Have you looked into Trinamic’s fancy stepper drivers that have feedback for step counting and skipped steps and other things? They might be suitable because industrial optical encoders are like $800 and I’ve never seen one small enough to go on a nema 17 stepper.
Also, what tolerances are you trying to hold here? My ender 3 repeats within a thousandth of an inch. I haven’t upgraded the limit switches, but I got a new main board with trinamic drivers.
Given the physical properties of FDM, I don’t think chasing tolerances lower than that will actually improve the quality of prints at all, and surely one thou is close enough for what you’re trying to do.
As I mentioned, virtual end stops are nowhere near accurate. This is the trinamic system. It is using over current detection as an end stop.
This is a precision verses accuracy type of problem. If you haven’t worked through these kinds of issues and ideas before it can be a struggle. Accuracy and precision are very very different things. All of our printers are precision; none of them are accurate.
Optical encoders are simple and cheap devices. You are likely limited to the shiternet’s echo chambers when it comes to searching for information. There are a half dozen optical encoders built into most cheap inkjet printers. The system needed to locate each head on a printer is cheap, the tricky part is the software and designing the second head to be adjustable to match Z offset with changes like nozzles.

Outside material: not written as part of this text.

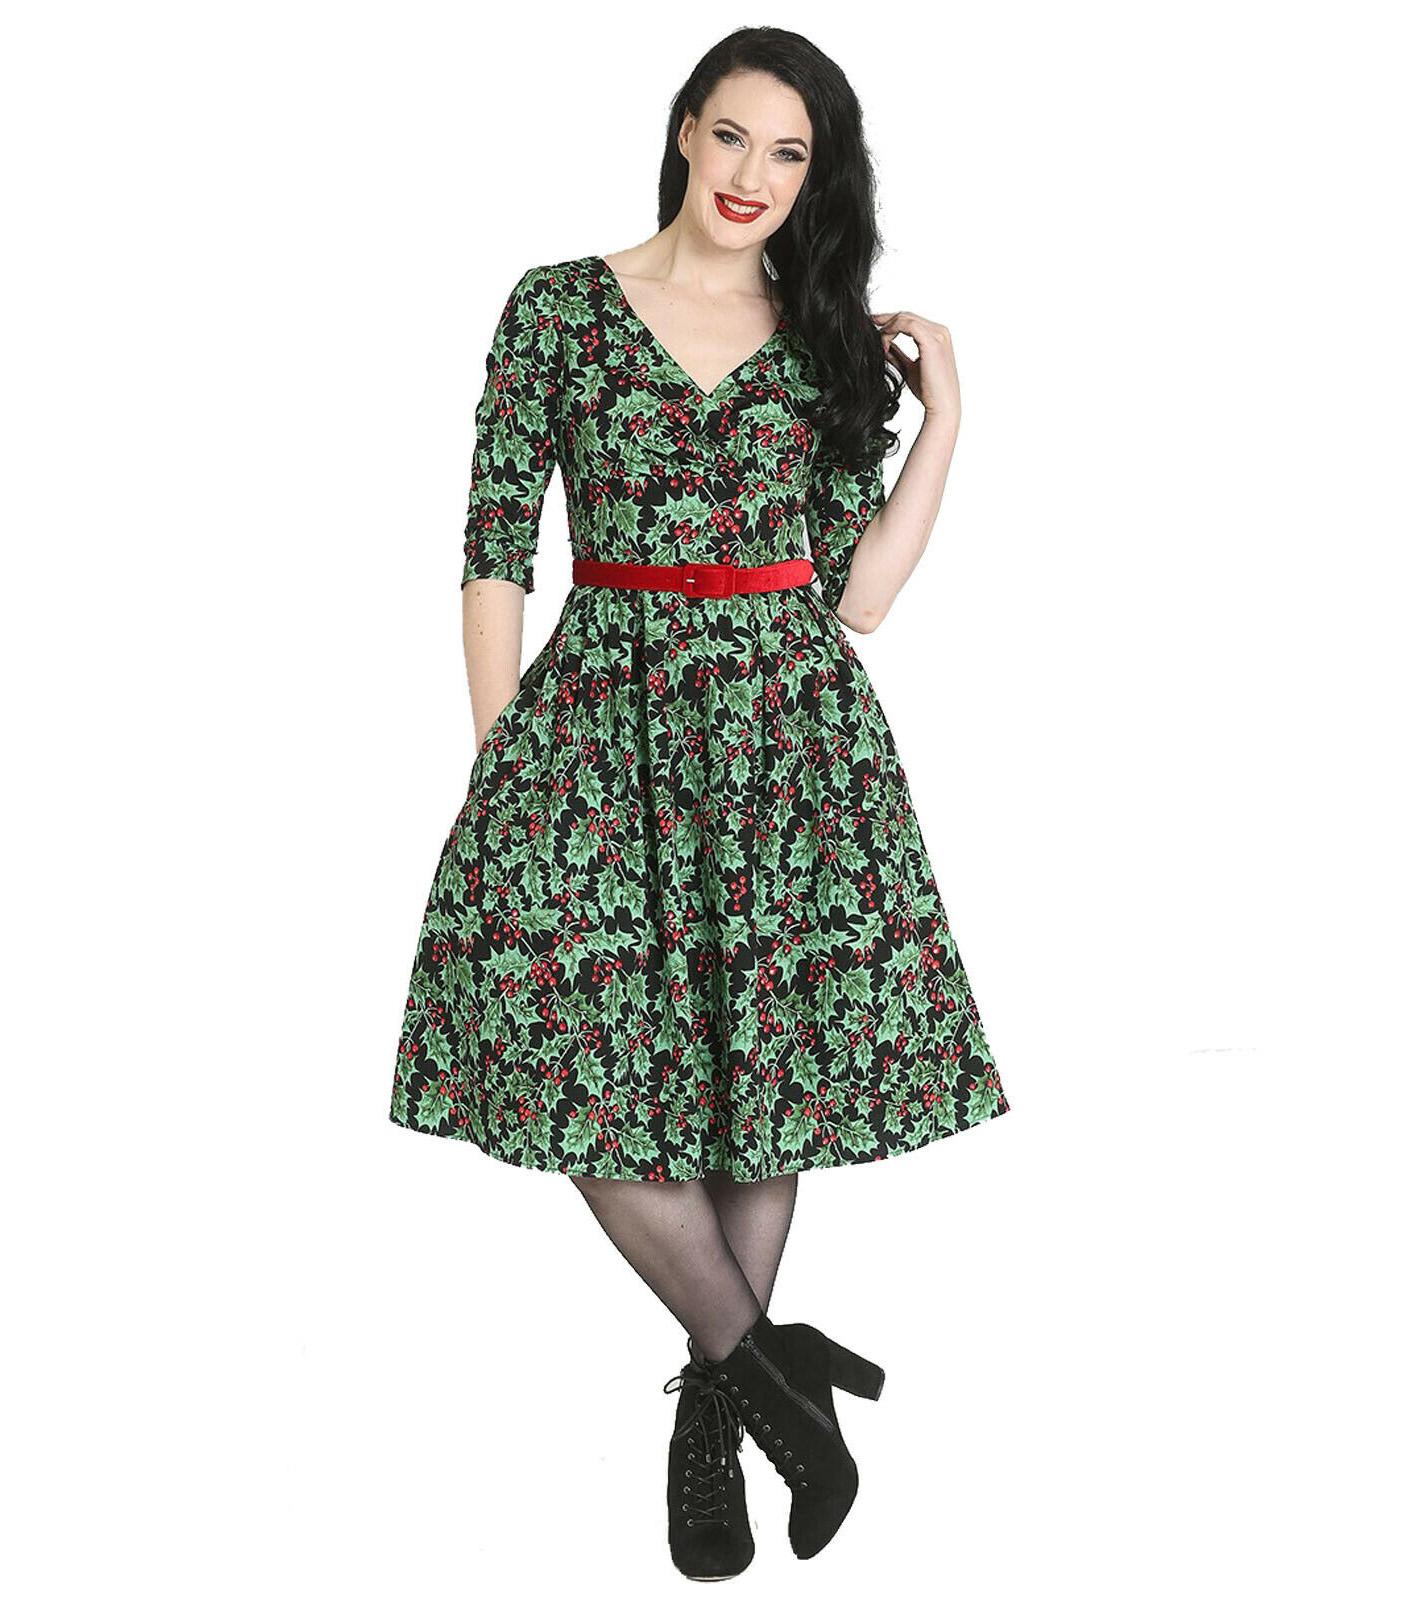 Hell-Bunny-50s-Pin-Up-Navidad-Vestido-Festivo-Rojo-Holly-Berry-Negro-Todos-los-Tamanos miniatura 31

The main point is not tolerances; it is alignment. Alignment requires accuracy. Printers are cheap and simple because they are only precision machines. This is a fundamental design thing. If you want to build an accurate design, this needs to be engineered into every aspect of the machine from the beginning. This affects every aspect from hardware to software.
No, the trinamic system I’m talking about is end stop phase counting in tandem with physical limit switches. It’s pretty accurate, one thou repeatability, like I said.
But like you point out, repeatability of the home position is not so useful if the axes of the two heads aren’t aligned in the first place. That’s a hardware issue that’s not going to be solved with encoders or software.
None of that applies to option 2 or 3 though.
Dual filament hotends haven’t managed to solve the oozing issue. The multi material units can’t handle filaments with vastly different temperature ranges or material composition due to clogging. Also the temperature control is poor when changed by a large amount because of how PID works.
These systems are really only useful for multi color printing. I really wish this was not the case. I would love to design stuff with dissolvable supports, and integrated TPU for seals and tool grips.
The real key tech for functional prints is IDEX. Sorry I assumed this was more obvious that it really is to others. I tend to hone in on things like this and ignore the rest. I built a half finished IDEX prototype at one point, but the software was beyond my skill level at the time.
I got the SV04 a year or so ago. It is an idex printer. It is a giant pain in the ass. But when it works it is great. An advantage it has that the other options don’t. 2 different sized nozzles.
1 (Two hotends): Can be difficult to setup. Requires raising/lowering and ooze shield to lift and block the nozzle. Very reliable and no purging. My recommendation.
2 (dual filament hot end): Easier than option 3 but getting it reliable might be challenging and adds the constrain of filament cooking (requires extrusion of both frequently during the print or the filament/hotend will be damaged)
3 (y splitter): Requires a high-quality y-splitter and perfect setup. Very difficult to nail it reliably. Not recommended if it can be avoided.
more options:
-
ERCF/MMU/AMS: Overkill for 2 materials and purge block required. Setup is as bad as two hotends.
-
Toolchanger: Overkill for this. There are applications where they shine but for this general task they are expensive overkill.
-
Mosaic pallet. Interesting option but expensive. No printer modification required.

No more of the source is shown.